In 1893 R. C. Hope in his Holy Wells of England described the water as ‘wonder-working; and there are legends about its ability to cure blindness. Fred Davies of the Amenity Trust told me that less than ten years ago a Shepton woman of his acquaintance bathed her child’s severe eczema with the water from the well and the condition cleared. There appears to be no recent mineral analysis of the water, which seems a worthwhile task, in view of the well’s reputation.

According to Janet and Colin Bord in their book Sacred Waters (Granada 1985) the earliest water cults can be traced to around 6000 BC with an increasing awareness of the importance of unpolluted water, we are today seeing something of a revival in interest in water lore. Most ancient cultures developed ritualised ways of honouring the value of water. Divinities and the guardian of sacred wells was recognised as female and revered by many names the world over. Some of the old deities’ names still remain hidden in the names of our rivers today. Ceremonies were regularly performed beside wells and springs – to improve one’s fortune, gain insight into the future, seek healing or even make a curse. Often wells are attributed with specialised healing properties; eye complaint, infertility and children’s ailments being most usual.

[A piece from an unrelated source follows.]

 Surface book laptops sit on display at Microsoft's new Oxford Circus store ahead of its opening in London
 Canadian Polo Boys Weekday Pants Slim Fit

In less cynical days than ours, pieces of clothing from the sick would be bathed in water and bound to the ailing part or tied to the branches overhanging the well. These days rags and offerings can sometimes be found in the vicinity of ancient holy wells and the tradition of well dressing surviving only in Derbyshire is now reappearing in other parts of the country.

For many years St. Aldhelm’s Well was a site of pilgrimage and in the 30s and 40s Dom Ethelbert Horne, a Downside monk and enthusiastic antiquarian, took parties of visitors to the well. He recorded its existence for posterity in his book ‘Holy wells of Somerset’ (1923)Today as well as being a recreational spot and a water hole, for many in the village and beyond the well continues to be a place of pilgrimage and, from tome to time, local people have decorated it with flowers and candles to honour it as a natural spring

June 1989

(The above was the first draft of a booklet entitled St Aldhelm’s Well published by Ms Sherwood (Shepton Mallet 1991) and is printed her by kind permission of the author. 

Is Whitwick Spring a Holy Well?

No photo description available.Bob Trubshaw’s trailblazing 1990 work on the Holy wells of Leicestershire and Rutland was the first time I had heard of this fascinating spring arising beneath the church. He recorded it as follows:

“Where the footpath leaves the churchyard to cross the brook there are five steps down and a spring gushes from a recess in the churchyard wall, draining away into the brook. This is about thirty yards to the east of the chancel. The spring originates under the crypt of the church and piped to the churchyard wall; during the nineteenth century the water was used to power the organ. The crypt was rebuilt in 1848 and now contains the heating boilers etc. There were apparently never any tombs or graves in it. 

Where the water issues from the churchyard wall is densely shaded by trees and is muddy underfoot as a result of the water flowing towards Grace Dieu Brook. The water maintains a good flow and is quite cold (about three gallons per minute at 10C on 4th February 1989); it is pleasant tasting.

No photo description available.

But despite Trubshaw’s inclusion is it a holy well? 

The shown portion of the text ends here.